For automatically adding processes to a class, the rules are specified in /etc/wlm/current/rules
This rules file is covered later in this article.
I then use a simple ksh script that uses the ps command to find all processes called ncpu (which spins in a loop on the CPUs), extracts the process IDs and then uses wlmassign. if the ncpu processes have IDs 12345 and 67890:
wlmassign applications 12345
wlmassign applications 67890
- or -
wlmassign applications 12345,67890
The wlmassign command can be used as follows to force a batch job in to a class of its own (batch jobs are often started by a shell script):
# Start 3 am batch
/usr/lbin/batchrunner mode6 all phase8
# batch process id = $$
wlmassign batch8 $$
The njmon command then collects the Workload Manager and 100's of other statistics.

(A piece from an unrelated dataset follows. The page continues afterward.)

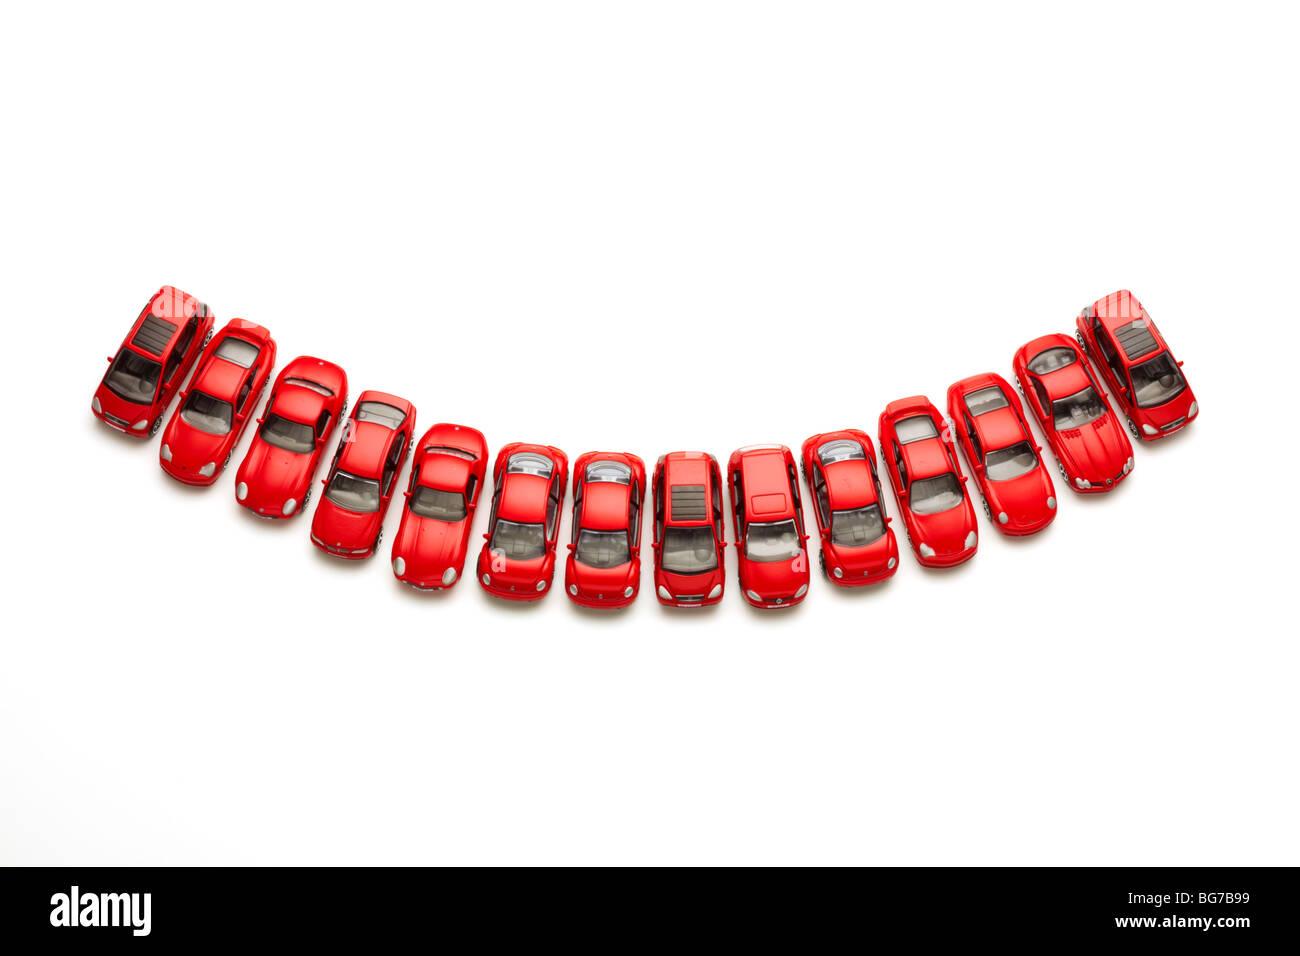 Modelos de automóviles en forma de sonrisas Imagen De Stock

Here are the Grafana graphs and settings covering a single user-defined class "applications" and the rest are WLM standard built-in classes:
In the graphs there are:
- CPU Consumed
- Showing the CPU utilisation percentages for each class.
- CPU Physical Consumed
- Showing the number of actual CPU cores being used.
- Memory Consumed
- Showing the memory-used percentages.
- Block I/O (BIO)
- It is disk I/O. Shows a percentage of the disk device throughput being used.
- Shares per class
- Used to limit the resources (CPU, memory, and BIO). A value of -1 means the resource control is off.
- Desired per class
- The WLM calculated target for resource control.
- Processes by class
- The number of processes in the class. A useful check that the class definitions are correct.
- State by class
- Shows the status, like Active or not.
Notes on Classes
There are two WLM standard useful special classes:
System classes:
- Operating system kernel internal processes get automatically added to the System class.
- Allows managing system resource usage but it is not recommended to actively manage this class.
- The UNIX CPU utilisation statistics are: User, System, Idle, and Wait for I/O. The System class matches the System Utilisation statistics.
- Note there are a few system classes - see the Redbooks: WLM for the full details.
Default:
- All user processes that not classified get add to Default.
- Allows managing unclassified jobs>
- Use Default for small bits & pieces.
- If this number becomes large, it is recommended that you investigate why? Create a class for these unexpected processes. For example, some shell program pointlessly spinning in a loop.
Shared, Unclassified, and Unmanaged Classes
- Shared covers shared memory pages that are not assigned to other classes.
- Unclassified and Unmanaged - see the AIX Workload Manager Redbook section 2.2 for details.
System administrators can create up to 270 more classes.
Assigning processes to classes is controlled by the configuration file /etc/wlm/current/classes.
The chart points out the class of a process can be one of many methods:
- The user ID that started the process
- The user group ID of the user that started the process
- The program name in the file system used to start the process
Also, there is
- The class is set to the class of the process, which started a subprocess that uses fork and exec system calls - this setting is called inheritance
- A user forcing a process into a class by that uses the AIX wlmassign command
Legend:
- "*" wildcard can be used for example /usr/local/bin/*
- "-" = all
- "!" = exclusion
After the classes are defined, start WLM or tell it to reapply the settings with: wlmcntrl -a
The following diagram shows for each class the CPU, memory, and disk I/O in monitored. The WLM tool does not consume many CPU cycles. But is useful for understanding the workloads.
Once the workloads are understood, there is an opportunity to adjust priorities. Perhaps, some classes are vital to the server and get more resources or other classes are less important and yield resources to boost performance to other classes. This control is managed by the assigning of shares to classes for all three resources: CPU, memory, and disk I/O. Most people want to assign percentages but if you make many changes that become tedious, adjusting the number to add up to 100. Shares are a far better method. If all the shares add up to 100, then they are percentages.